April sa M3: -0.1% y/y
M3 sa 3-mo avg: -0.2% y/y
SA private loans: +0.1% y/y

MNI survey median:
April sa M3 -0.3% y/y
M3 sa 3-mo avg: -0.3% y/y

MNI survey range:
Mar sa M3 -0.7% to +0.1% y/y
M3 sa 3-mo avg: -0.9% to flat y/y

March sa M3: -0.1% y/y
M3 sa 3-mo avg: -0.1% y/y
SA private loans: -0.2% y/y

FRANKFURT (MNI) – Eurozone M3 money supply continued to contract on
the year in April, though by less than generally expected, while private
sector loans grew for the first time since August 2009, the European
Central Bank reported on Monday.

At the end of April, M3 amounted to E9.392 trillion, reflecting a
monthly gain of 0.7% and an annual decrease of 0.1%. Over the three
months to April, broad money fell 0.2% over the same period one year
ago.

The ECB once again stressed in its Monthly Bulletin that due to the
steep yield curve, which would spur the allocation of funds into
longer-term funds outside of M3, broad money growth understated the pace
of underlying monetary growth.

“At the same time, the still narrow spreads between the interest
rates paid on different M3 instruments imply low opportunity costs of
allocating funds to overnight deposits rather than other M3
instruments,” ECB President Jean-Claude Trichet said at his press
conference in earlier this month.

Possibly responding to criticism that the ECB’s bond purchase
program would lead to inflationary pressures later on, Trichet
highlighted in a recent interview the decline in M3 as evidence that
inflation was under control.

In its latest Monthly Report, the Bundesbank also stressed that
monetary data did not signal any clear danger to price stability.
However, the central bank conceded that the inflation outlook was highly
uncertain.

“The inflation projections made on the basis of monetary data
continue in the aggregate to indicate that there exists no pronounced
danger for price stability in the euro area for the next three years,”
the Bundesbank said.

Among the components of M3, currency in circulation and overnight
deposits (M1) were up 1.75% since March, leaving M1 10.7% higher on the
year.

M2, which is made up of M1 as well as short-term deposits other
than overnight deposits, increased by 0.56% between March and April,
resulting in an annual growth rate of 1.4%. Conversely, short-term
deposits other than overnight deposits contracted by 8.5% on the year in
April, down from March’s -8.0% print.

Turning to the main counterparts of M3, total credit extended to
Eurozone residents shrank by 1.8% on the year, unchanged from March’s
rate. Credit extended to government slowed to an annual growth rate of
8.7%.

Overall credit to the private sector accelerated to a growth rate
of 0.3%, with loans to the private sector increasing 0.1% on the year.

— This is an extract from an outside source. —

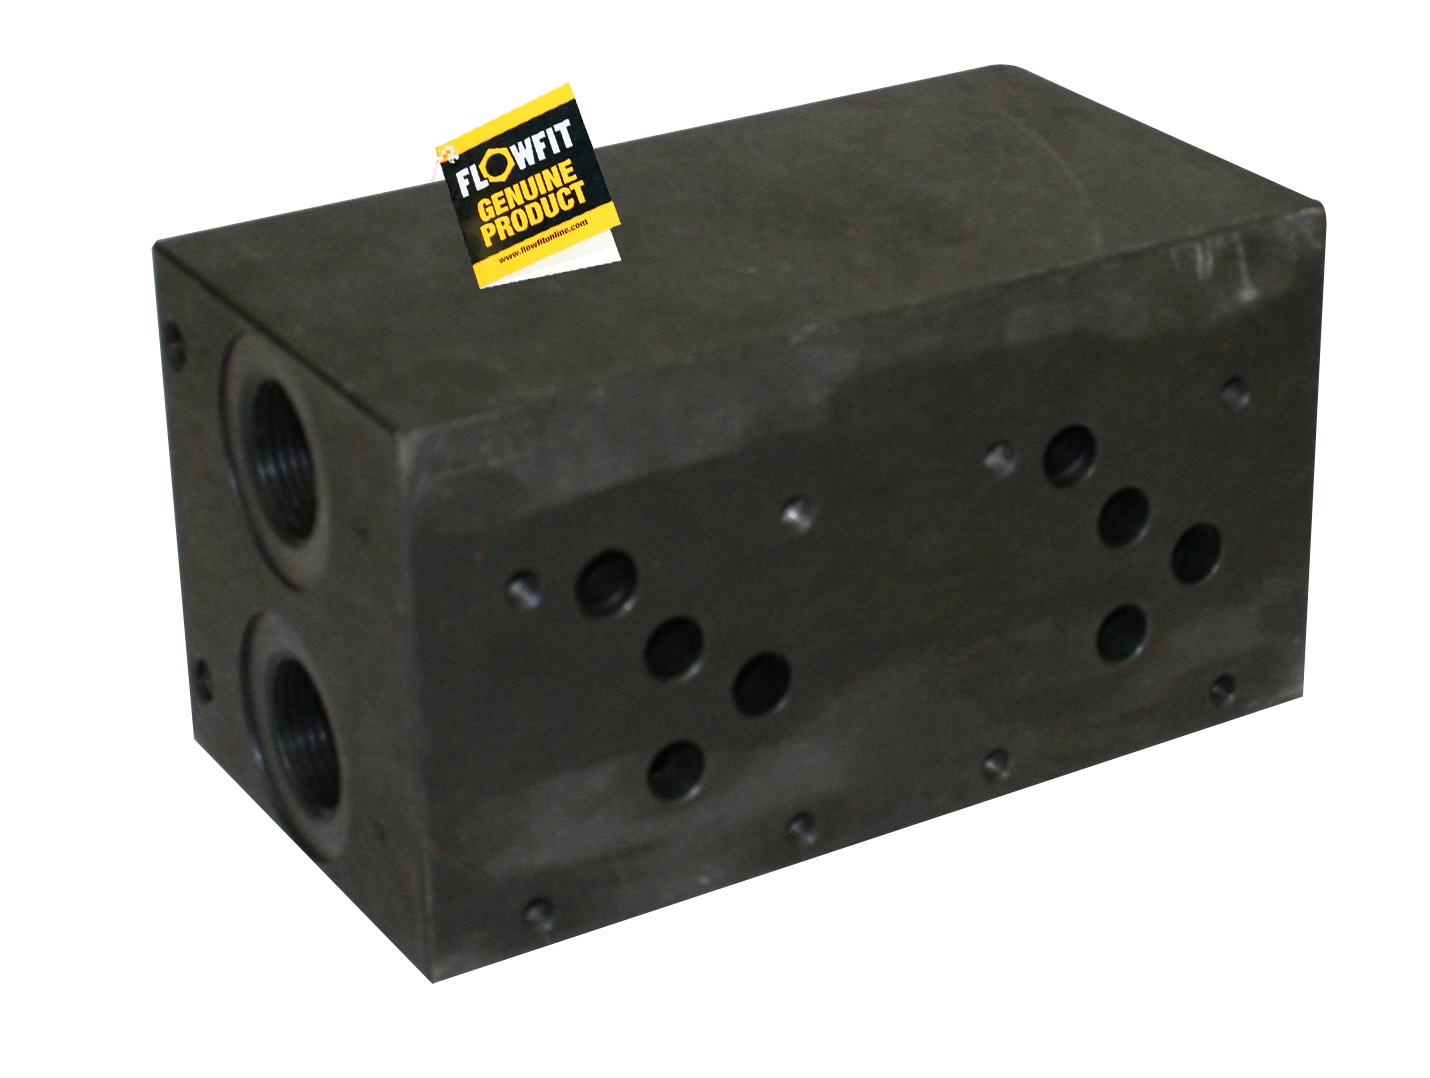 Flowfit hydraulic cetop 5 5 station steel manifold without relief valve cavity

However, once again, the overall figure masks diverging trends
within the category.

Credit extended to households increased to +2.5% annual growth, up
from the previous month’s +2.1%, with the annual growth rate for
mortgages rising 2.9% and consumer credit falling 0.3%, up from March’s
-1.1% level.

On the other hand, lending to non-financial corporations fell 2.6%,
down from March’s -2.4% reading.

Nevertheless, with loans to non-financial corporates known to lag
economic developments, current data suggested that the downward trend in
the annual figures could soon come to an end, Trichet said.